• [Work task]
Leaving out the pictures, retype exactly the lines from the one holding "Clavulinopsis laeticolor, connu" through the end of the material.

• [Input data]
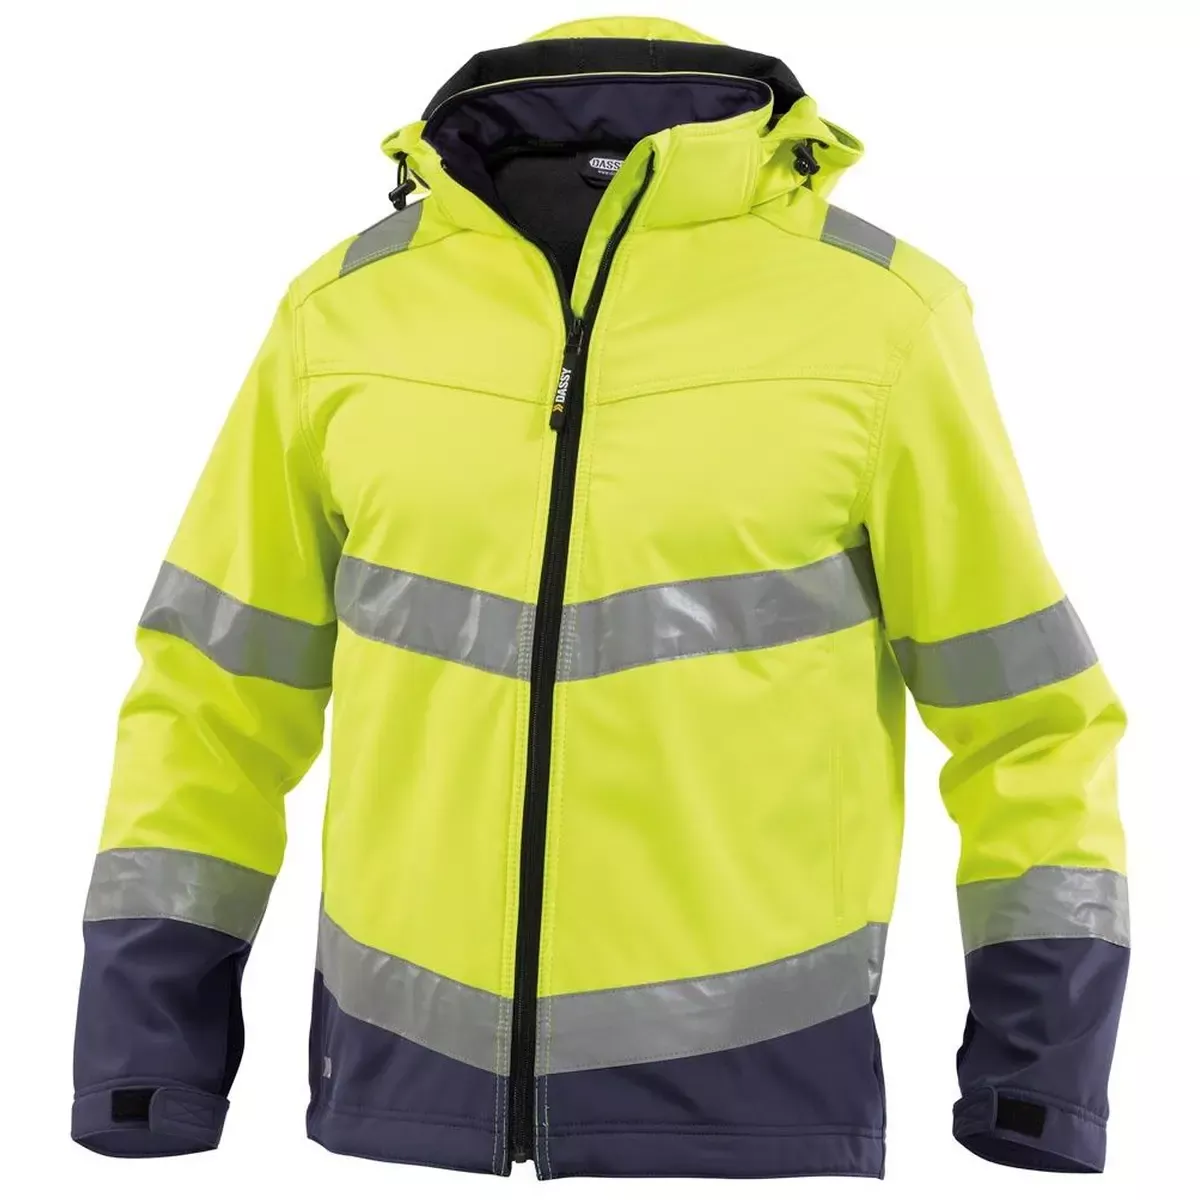 Warnschutz-Softshell-Jacke Malaga, Farbe neongelb/dunkelblau, Gr. 2XL
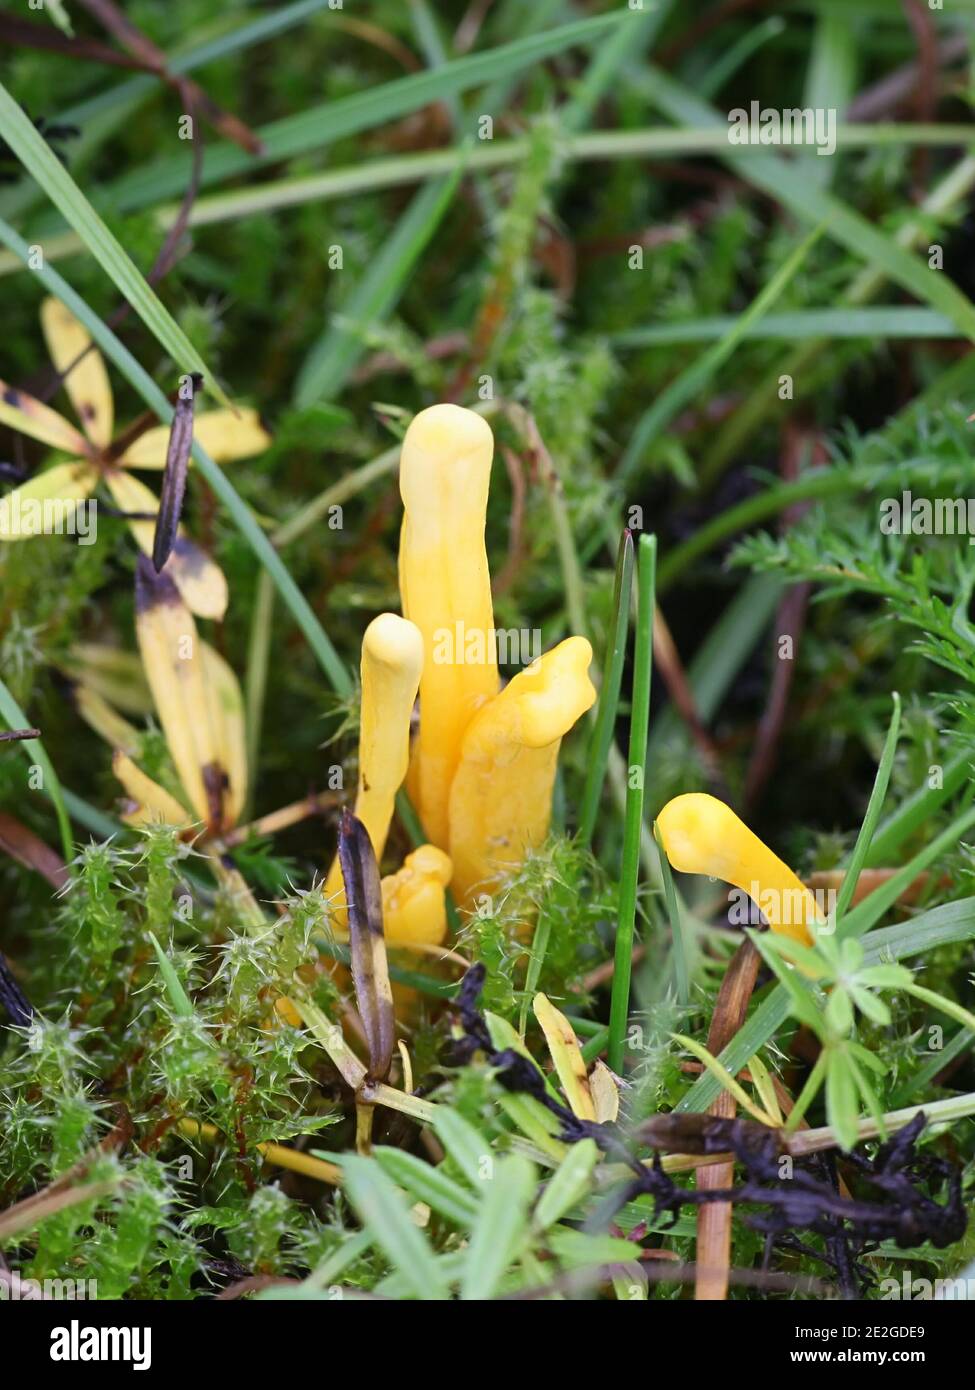 Clavulinopsis laeticolor, connu sous le nom de beau club champignon, champignon sauvage de Finlande Banque D'Images
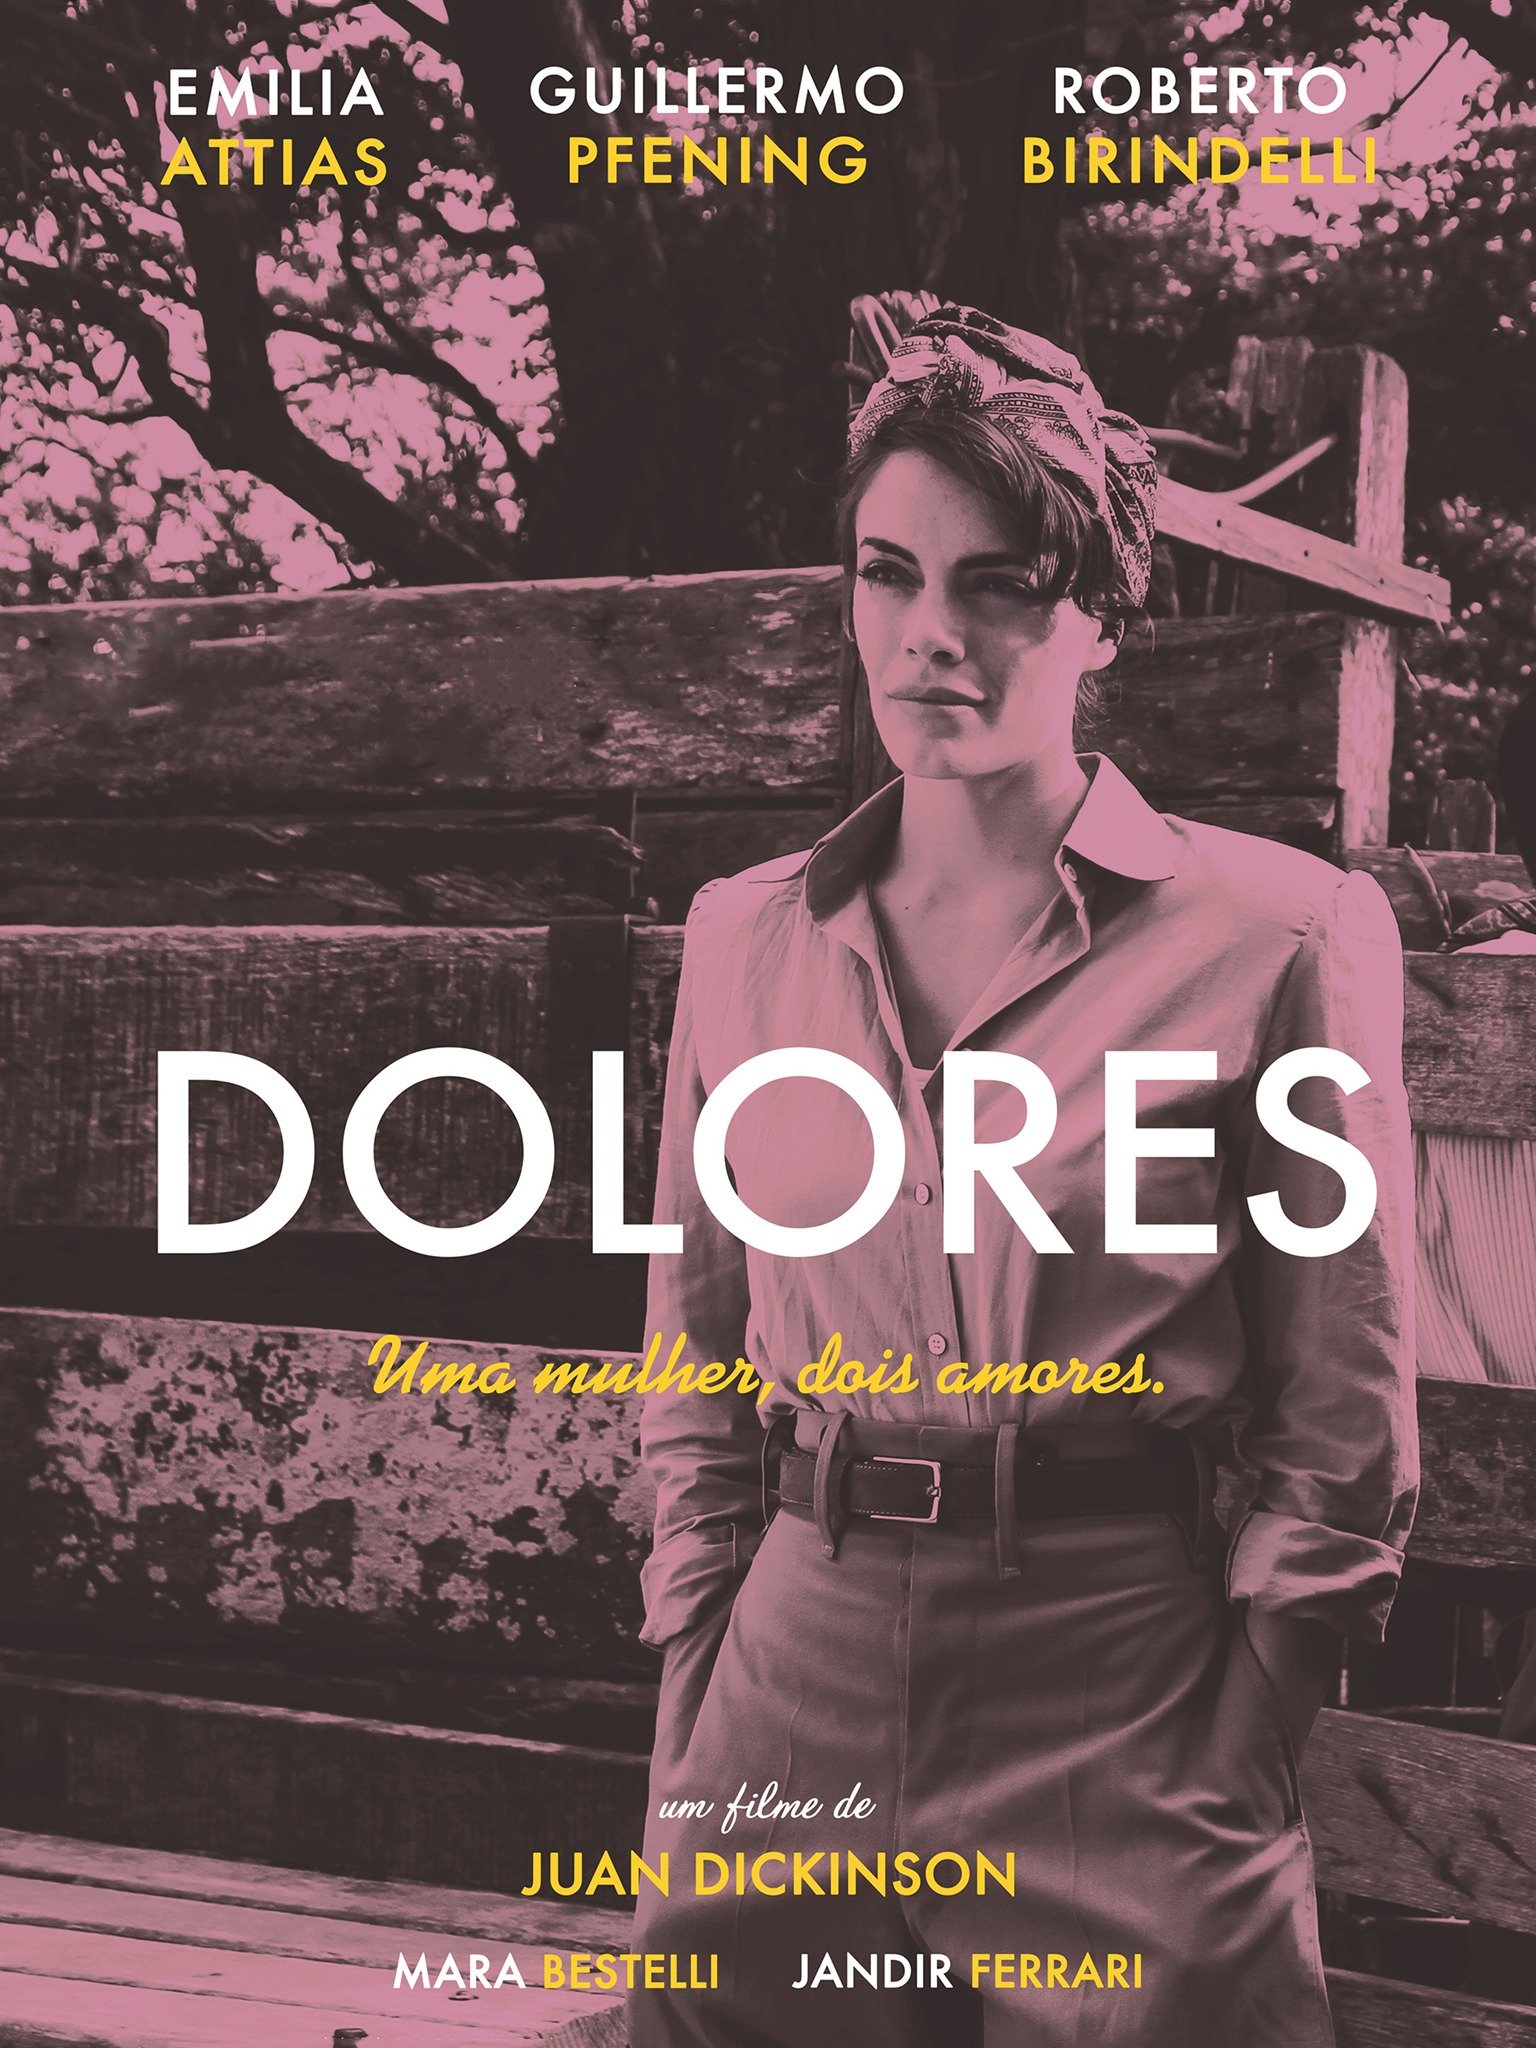 Dolores (2017)
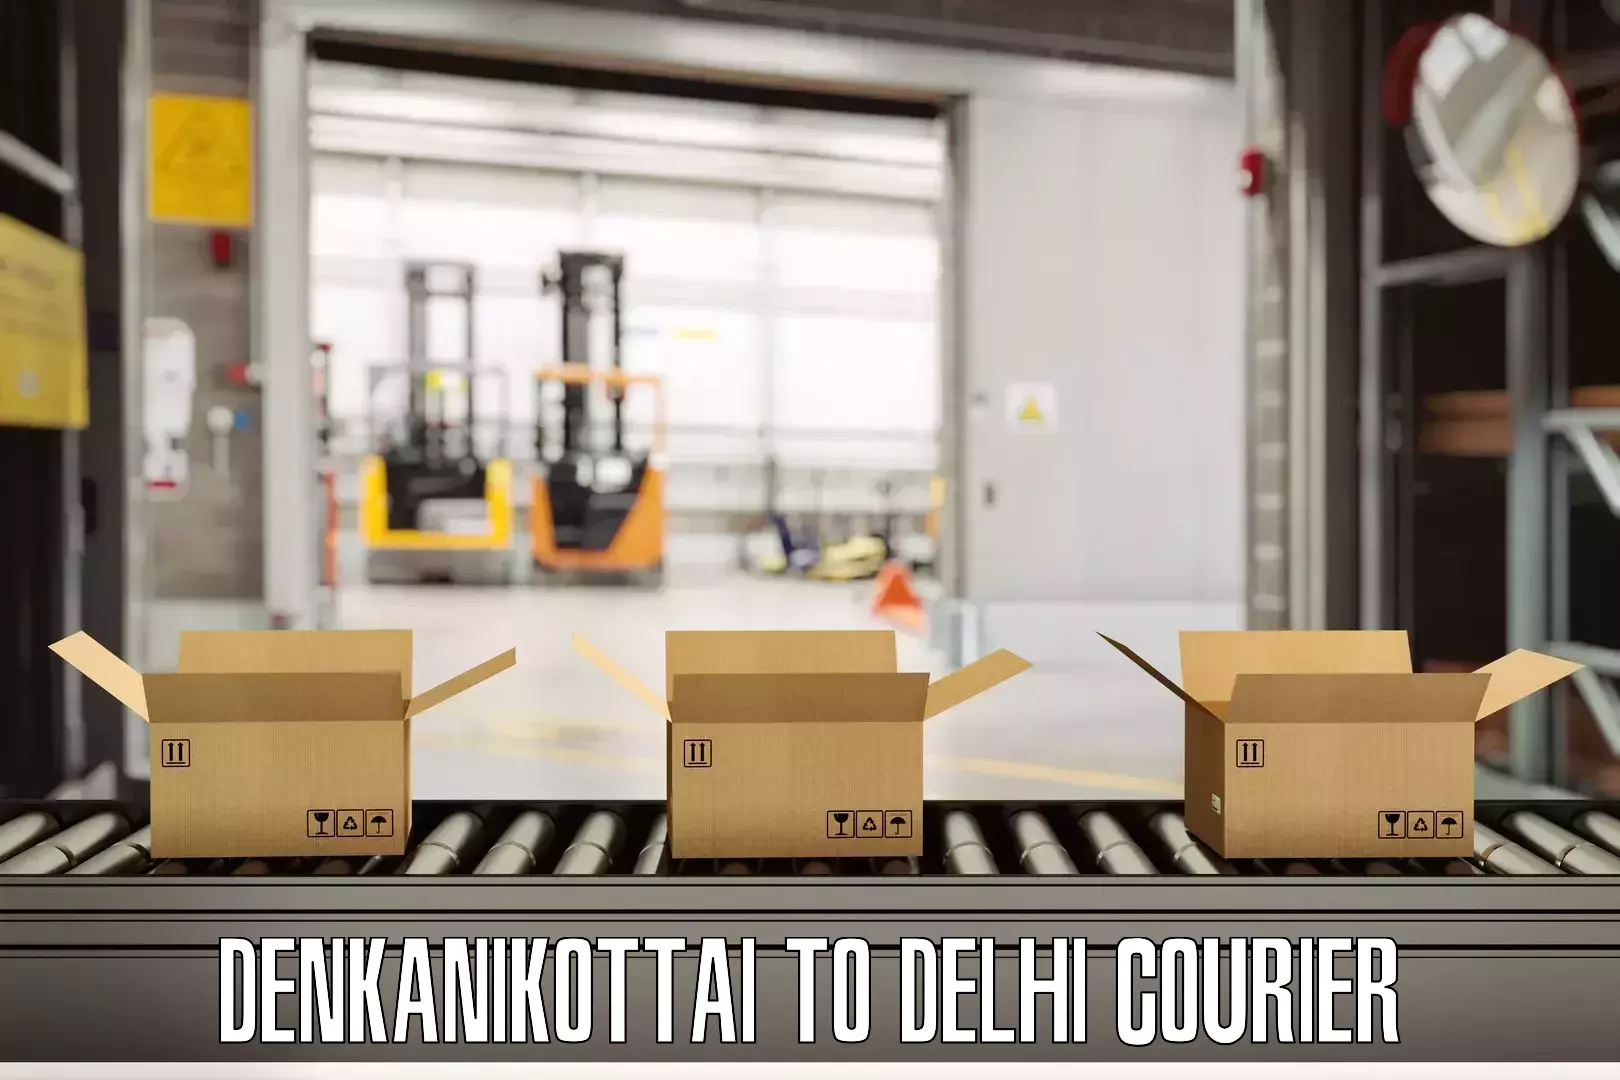 Baggage courier FAQs Denkanikottai to Indraprastha

• [Output]
 Clavulinopsis laeticolor, connu sous le nom de beau club champignon, champignon sauvage de Finlande Banque D'Images
 Dolores (2017)
 Baggage courier FAQs Denkanikottai to Indraprastha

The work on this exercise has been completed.